Animation Features Movies

Lonely Castle
in the Mirror
(Kagami no Kojo,

Director – Keiichi Hara – 2022 – Japan – Cert. – 116m


Seven children are sucked via mirrors in their homes into a mysterious castle perched high above a sea, presided over by a wolf queen, and prowled by a hungry wolf at night – plays UK cinemas in the Japan Foundation Touring Film Programme 2024 between Friday, 2nd February and Sunday, 31st March

Teenager Kokoro Anzai (voice: Ami Touma) can’t face going to school. Her understanding mother (voice: Kumiko Aso) takes her instead to the Classroom of the Heart at an alternative school for a session with friendly teacher Mrs. Kitajima (voice: Aoi Miyazaki). This is to be Kokoro’s new school, but in the end, she can’t face going to that one either, so her mum phones her in as sick.

Moping in her bedroom, she is attracted to lights glowing around the tall mirror there before touching its surface which, like the mirrors in Orphée (Jean Cocteau, 1950) dissolve to allow her to pass through them into another world. On the other side, she finds herself in a castle perched high on a rock above a sea along with six other kids – tall Aki (voice: Sakura Kiryu), soccer player Rion (voice: Takumi Kitamura), computer geek Subaru (voice: Rihito Itagaki), piano player Fuka (voice: Naho Yokomizo), enigmatic Masamune (voice: Minami Takayama), and dumpy Ureshiro (voice: Yuki Kaji).

The castle is run by a younger girl wearing a wolf mask who calls herself the Wolf Queen (voice: Mana Ashida), and she explains the place’s rules.
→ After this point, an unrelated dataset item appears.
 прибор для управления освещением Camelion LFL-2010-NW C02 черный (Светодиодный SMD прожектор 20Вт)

They are guests who may come and go as they please, provided they always leave before the clock strikes five in the afternoon. Should they stay any later, they will be eaten by the wolf.
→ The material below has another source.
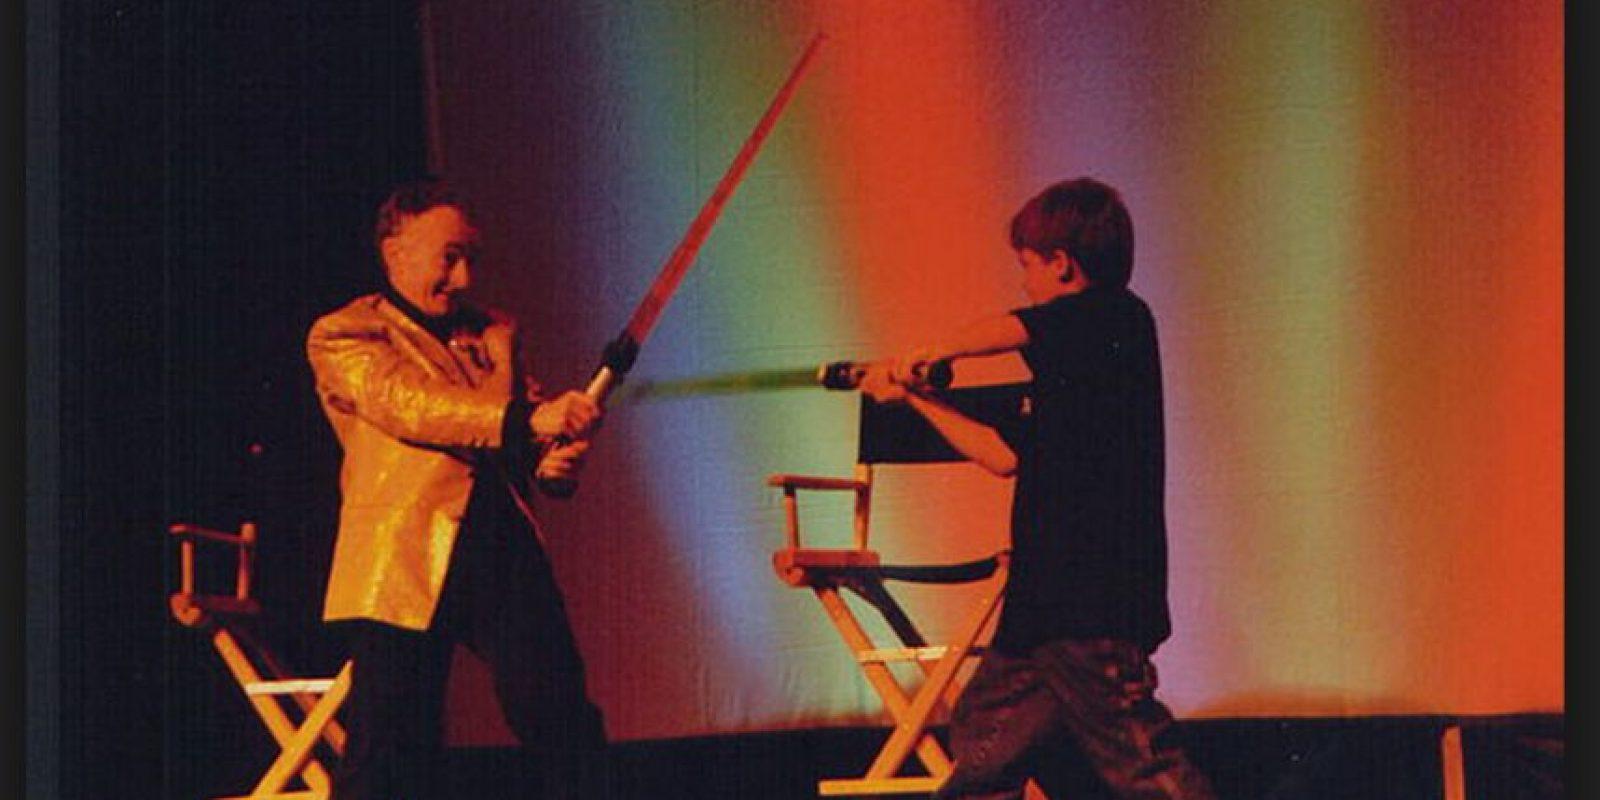 """En la película """"Un padre en apuros"""", interpreta al hijo del protagonista, obsesionado por obtener en Navidad una figura de acción de Turboman Foto:Wikicommons"""

That latter threat notwithstanding, it seems a pleasant enough place to stay. The Wolf Queen further explains that it is a place where wishes can be granted, or rather one wish can be granted for whoever finds the key, which is hidden somewhere on the premises. Fulfilling this will cause them all to lose their memories of the castle and each other, but if no-one claims the wish, they will retain those memories. Looking around the labyrinth of corridors, the children find rooms, with each of their names on the doors, containing furnishings and features tailored to their specific personalities and needs.

The children are all reticent, withdrawn introverts, Kokoro more than most. As they slowly get to know one another over their months of visiting, they discover that all of them have problems at school and have been helped by Mrs. Kitajima. Indeed, they attend the same school, but when they agree to go to school to meet up in the real world, none of them can find the others.

And then, inevitably, the day arrives when one of them fails to leave the castle before the clock strikes five… and everything changes.

Adapted from the novel by Misuki Fujimura, this is a beautifully paced narrative in which a group of emotionally damaged kids spend time together in a safe environment. The story and screenplay completely understand what they’re about. The scenes in the real world, which extend via the various different children to low self-esteem, bereavement, being bullied, being pushed too hard to succeed and, finally, suffering parental child sex abuse, are convincing and in the case of the latter suitably harrowing without ever becoming overly upsetting or traumatic.

Until the five O’clock deadline is missed, the castle functions as not only a place of safety, but also something more: after a while, the kids find a camaraderie with each other and, eventually, with the more distant Wolf Queen. The place starts to feel like a luxury holiday home where, despite the lack of electric power and computer technology, everything you could possibly want in order to relax, take it easy and recover from the day-to-day stresses of the world is provided; an experience you would prefer to retain in your memories rather than lose.

One could imagine the production proving effective as a live action piece, although since much of its strength lies in the deft sketching of its characters and its perfectly paced denouement, it works equally well as an anime executed in the familiar, codified, Japanese 2D style. A very clever movie which, beneath its subtly rendered fantasy children’s story surface, skilfully probes various types of childhood trauma. Highly recommended, both for adults and kids.

Lonely Castle in the Mirror plays UK cinemas in the Japan Foundation Touring Film Programme 2024 between Friday, 2nd February and Sunday, 31st March.